Hepatocellular carcinoma (HCC) is one of the most common malignancies and is the third leading cause of cancer-related death in the world [1]. Although treatments for HCC have been developed, the prognosis remains poor because of a >70% tumor recurrence rate after surgical resection, arterial embolization, chemotherapy, and radiotherapy [2], [3]. Previous studies found that liver cancer is derived from liver stem cells, which regenerate in normal liver tissue. While the cellular origin of HCC recurrence is still unclear, it is the best strategy to target HCC recurrence. Recently, cancer stem cells (CSCs), which are defined by tumor-initiation specificity, have been discovered in many types of cancer.

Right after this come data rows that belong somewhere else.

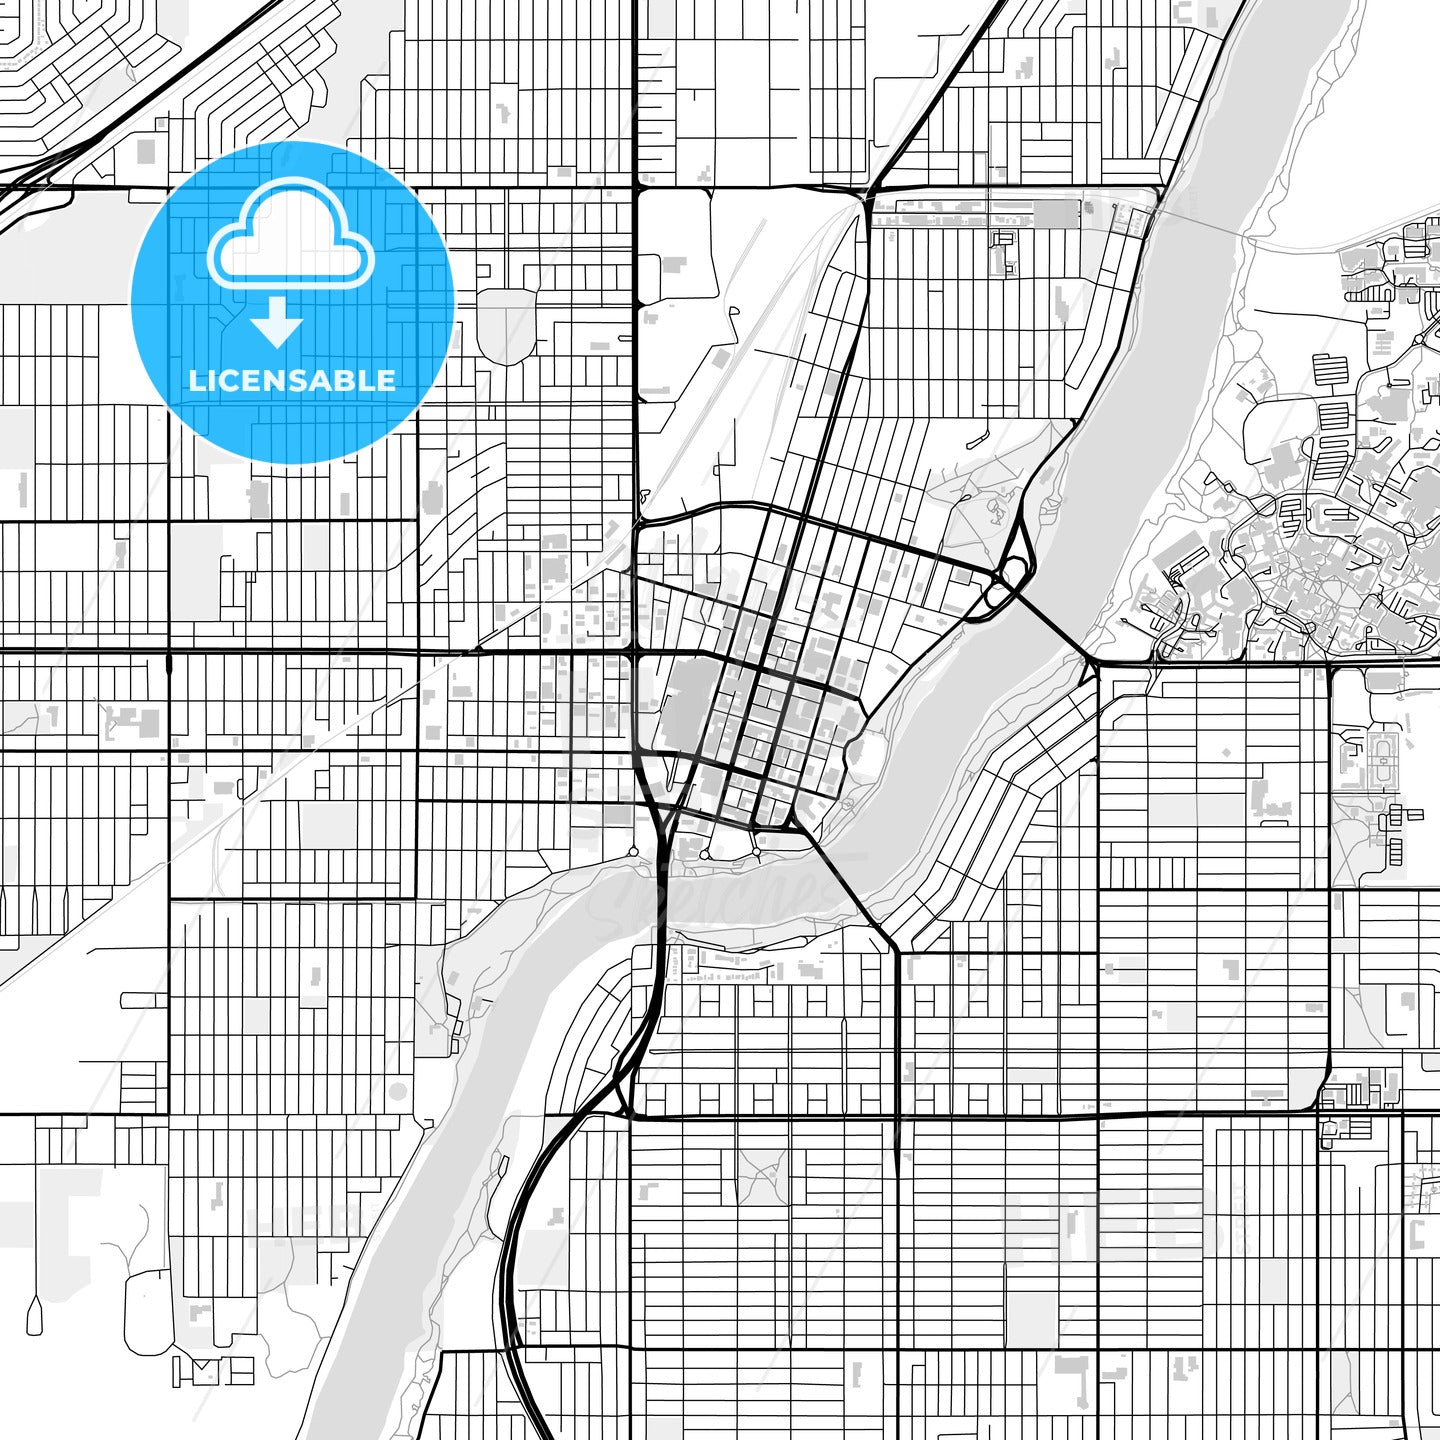 Downtown map of Saskatoon, Canada
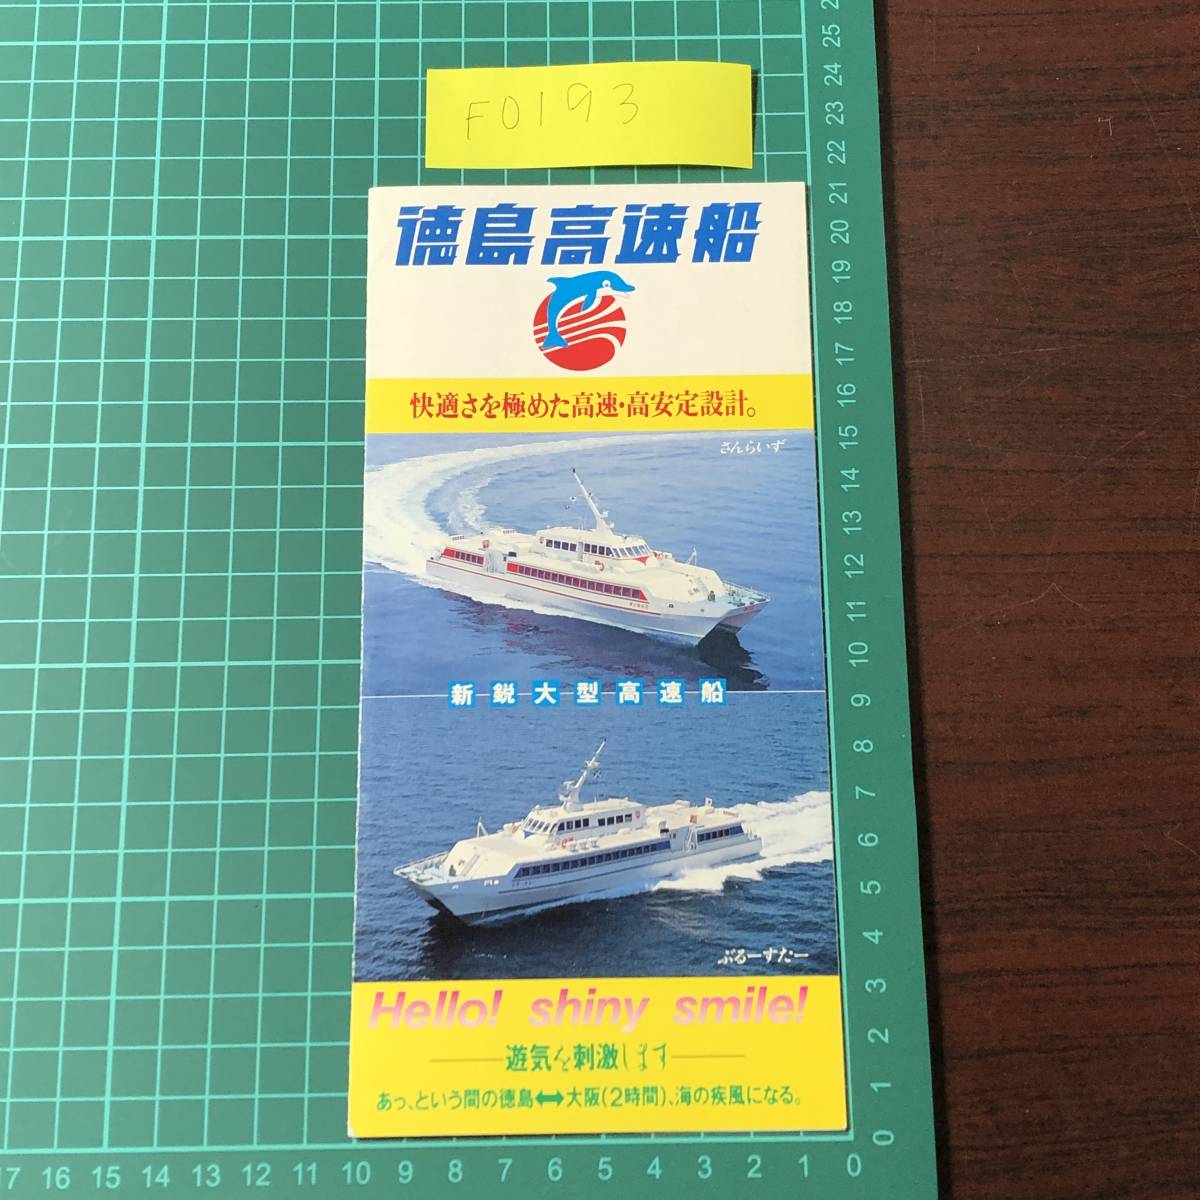  san .....-..- три . super ma Ran CP-30 MKⅢ Tokushima высокая скорость судно новый . большой Tokushima ~ Osaka каталог проспект [F0193]
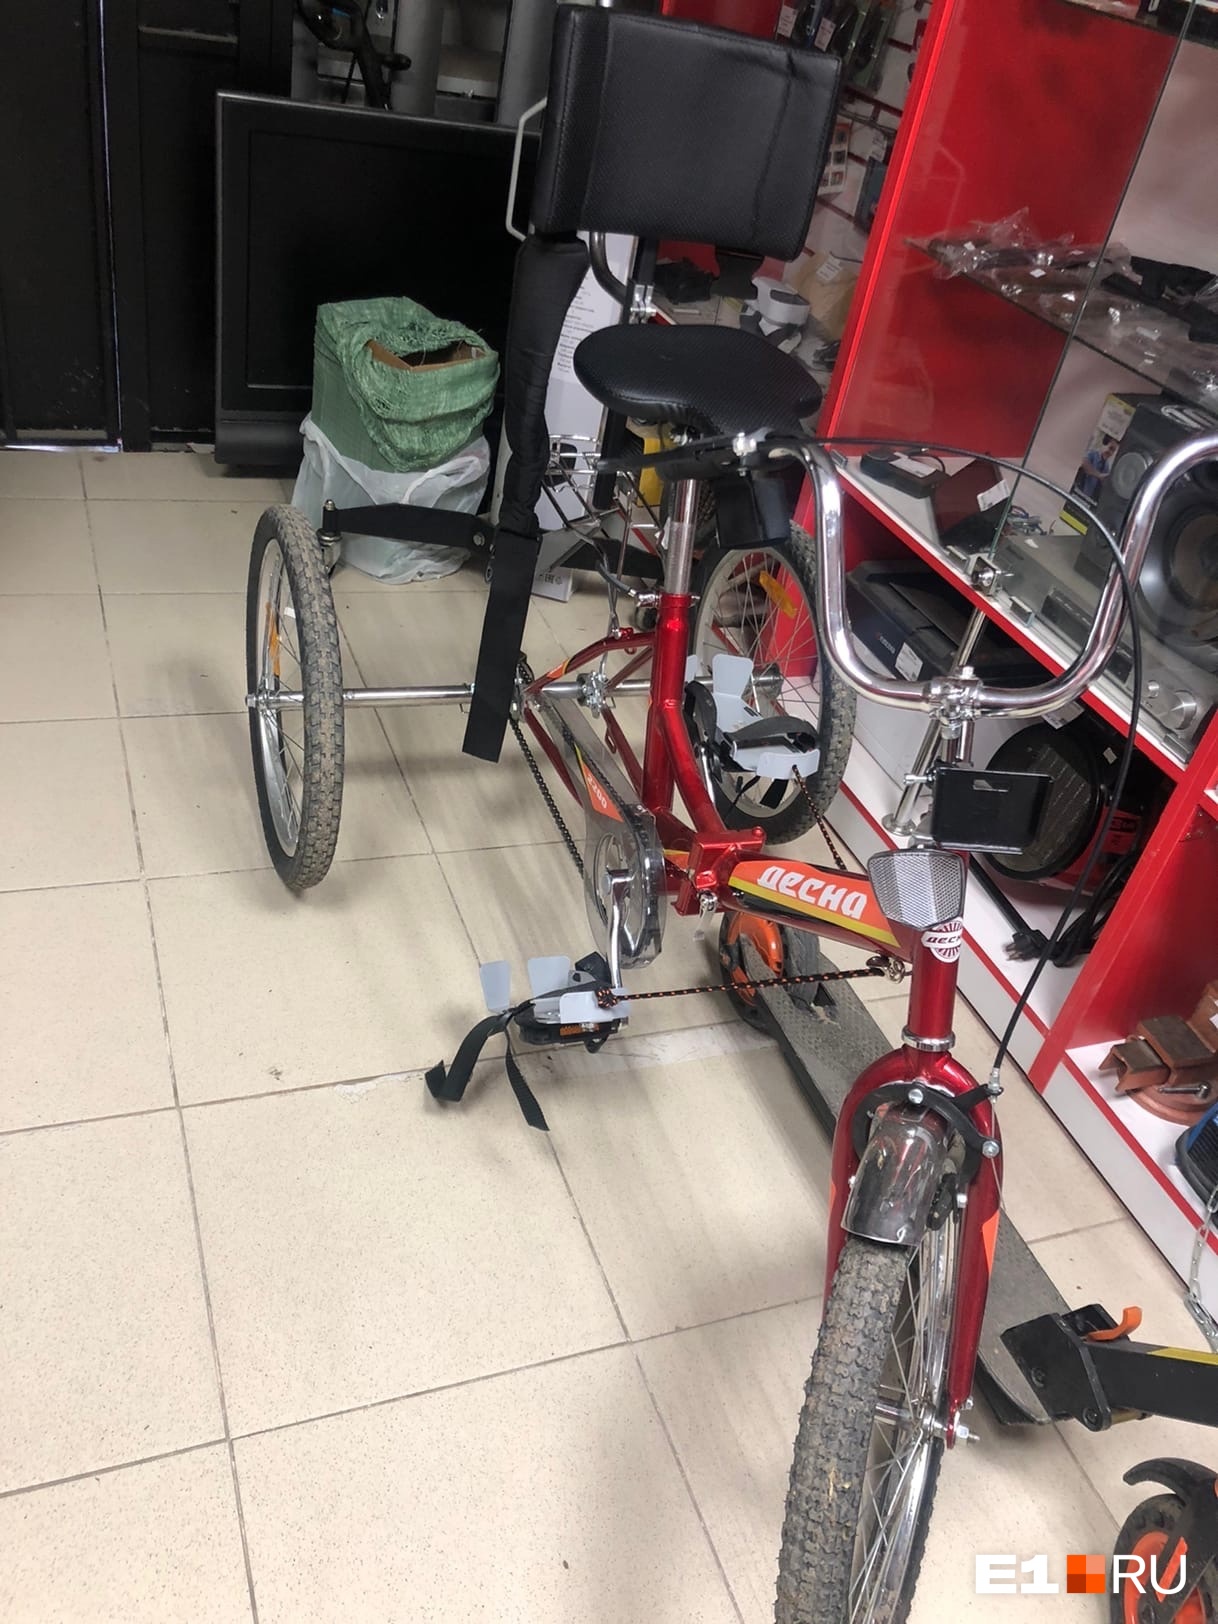 Продавец сразу понял, что велосипед украден

There is a growing body of evidence that CSCs are responsible for tumor growth, resistance to therapy, metastasis, and recurrence [4], [5], [6]. Therefore, recent studies of CSCs have increasingly focused on the identification of CSC-specific markers [7], [8], [9], [10].

CD133 is a 5-transmembrane glycoprotein expressed by a subpopulation of the hematopoietic stem cells originating from fetal liver and bone marrow [11], [12]. It is also commonly known in humans and rodents as Prominin 1 (PROM1) [12]. CD133 is considered a surface marker of CSCs in cancers of the brain, colon, pancreas, prostate, and liver. Previous work showed that CD133 is a highly expressed marker of liver cancer stem cells (LCSCs) [13], [14]. A high level of CD133 expression was an independent prognostic indicator for survival and tumor recurrence in patients with HCC [15]. Interestingly, CD133⁺ HCC cells exhibited chemoresistance to fluorouracil and doxorubicin through activation of the AKT/PKB and Bcl-2 pathway [16]. Despite extensive research efforts, the specific signaling pathway and mechanism by which CD133⁺ cells are able to evade conventional therapies in HCC and other cancers remains largely unknown.

The epidermal growth factor receptor (EGFR) is one of the receptor tyrosine kinases (RTKs), which play roles in the control of cell proliferation, migration, and differentiation in various types of cancer [17]. Because of the specification of EGFR, the dysregulation of EGFR is involved in many cancer types. EGFR overexpression, which occurs in 40–70% of human HCC, is related to tumorigenesis [18]. Therefore, many studies attempt to target EGFR, and EGFR antagonists have been developed to treat patients with HCC. EGFR antagonists have shown effects on human and rat HCC cells; however, the EGFR inhibitors gefitinib, cetuximab, and erlotinib have not shown any meaningful effects in patients with advanced HCC [19], [20].

Although some mechanisms of EGFR function in cancer are well known, therapies targeting EGFR are still limited. Moreover, the treatment strategies targeting CSCs are also insufficient, although much recent research has focused on CSCs.

We found that CD133⁺ HCC cell lines and primary CD133⁺ HCC cells derived from patients with liver cancer have CSC-like capability. Furthermore, the levels of CD133 expression and EGFR expression are directly proportional in several HCC cell lines and tissues of patients with liver cancer. We demonstrated that CD133 confers CSC-like properties by stabilizing EGFR expression in HCC. Based on those results, we hypothesize that the inhibition of CD133 expression can magnify the therapeutic efficacy of conventional anticancer drugs against EGFR-overexpressing HCC cells.